Levez-vous contre le mur. Accroupir lentement à un niveau auquel l'angle entre le tibia et le fémur est de 90 degrés. Maintenez cette position aussi longtemps que vous le pouvez, puis lentement prendre une position de départ.
Debout à côté de la chaise. Redressez votre jambe, mettez vos talons sur le dos d'une chaise. Levez vos mains et tirez pour sentir vos muscles abdominaux et la colonne vertébrale. Rester dans cette position, commence à faire baisser le corps aux pieds. Si pas immédiatement, puis au fil du temps, vous commencerez à descendre vers vos orteils. L'exercice est lente. Pour chaque côté faire 50 reps.
Debout face à la porte ouverte et saisir les poignées sur les deux côtés. Derrière un petit banc. Lentement vous abaissez à elle, mais ne pas se asseoir, mais seulement légèrement toucher le siège. Maintenez cette position pendant 10 secondes.

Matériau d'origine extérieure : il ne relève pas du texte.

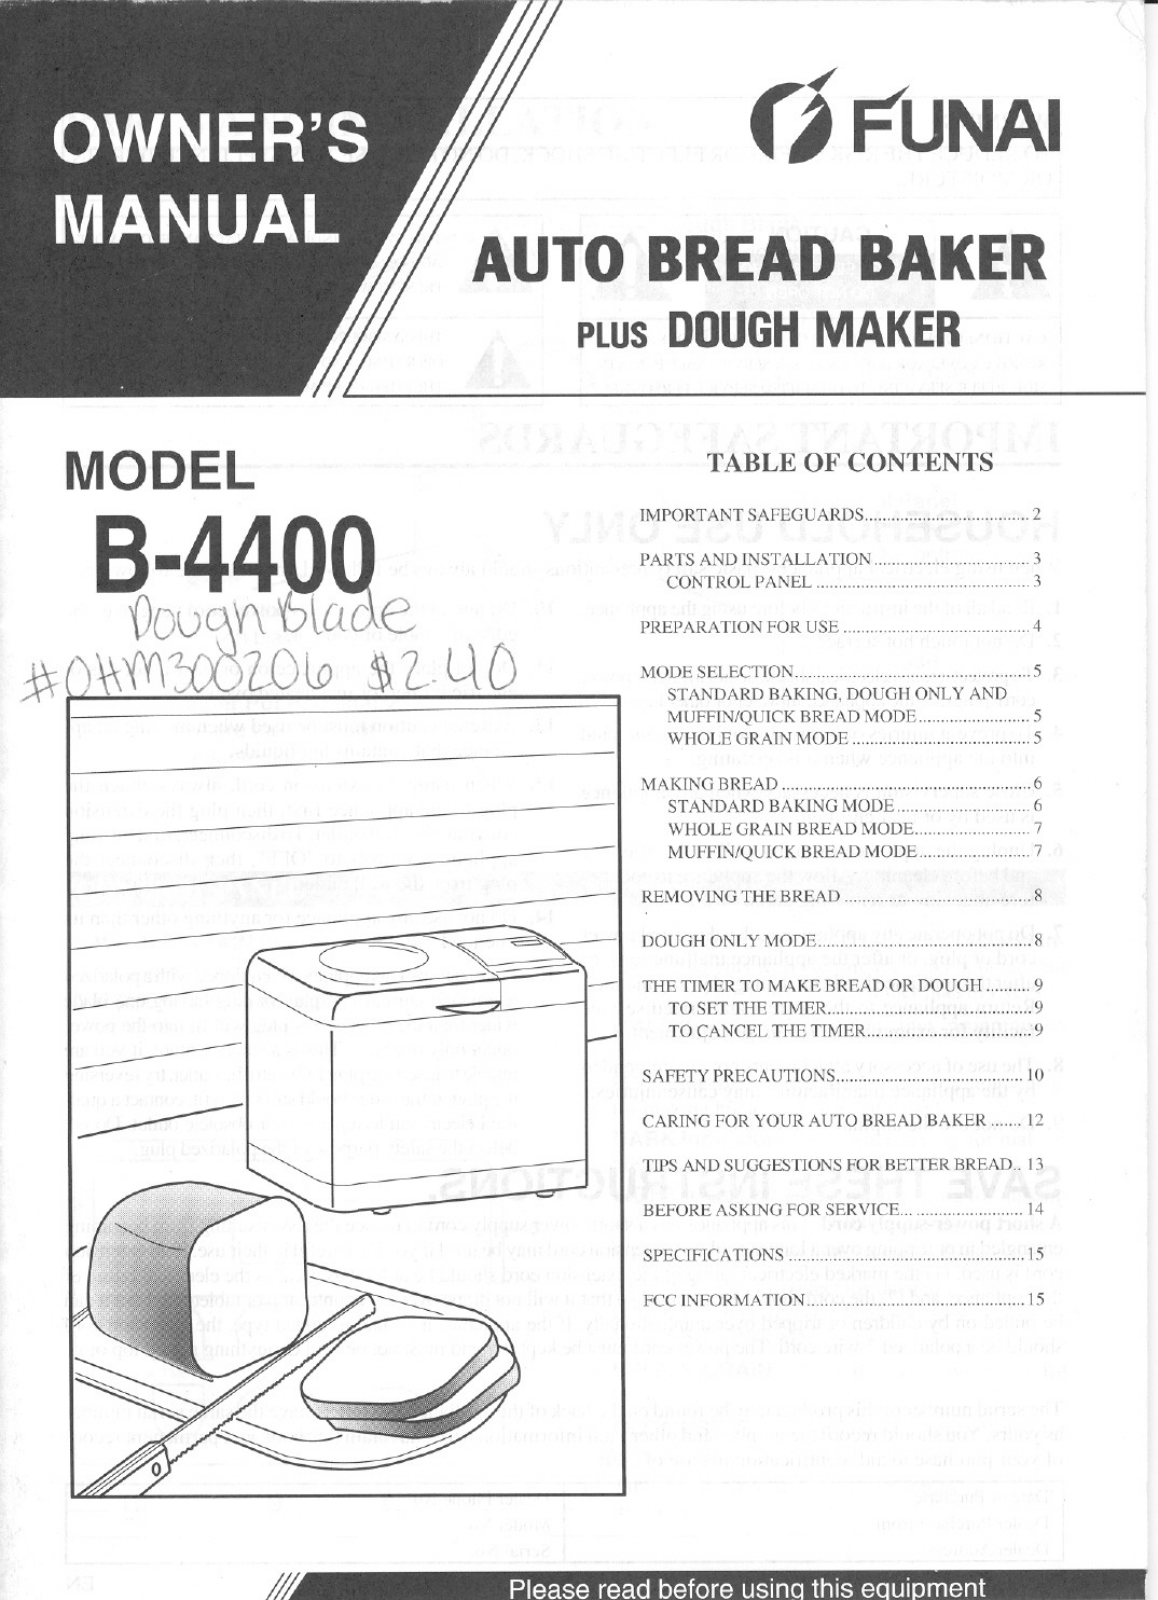 Funai B4400 Manual

Lorsque le nouveau en hausse et maintenez pendant 10 secondes, et de commencer à descendre sur le banc. Répétez l'exercice une centaine de secondes.
Debout face à un mur, mettre un coussin sous vos pieds, tordu de serviettes. Appuyez-vous contre les mains de mur, compter jusqu'à dix et montez sur vos orteils pour que le talon touche le niveau supérieur du rouleau. Laisser 10 secondes et revenez à la position de départ.
Couché sur le côté, pliez votre jambe au niveau du genou et placez votre main opposée à l'étage. L'autre main soutient la tête. Leg située au-dessus, soulever du sol à 80 degrés. Tenez-le dans cette position pendant 10 secondes, puis plus bas. Répétez avec l'autre jambe.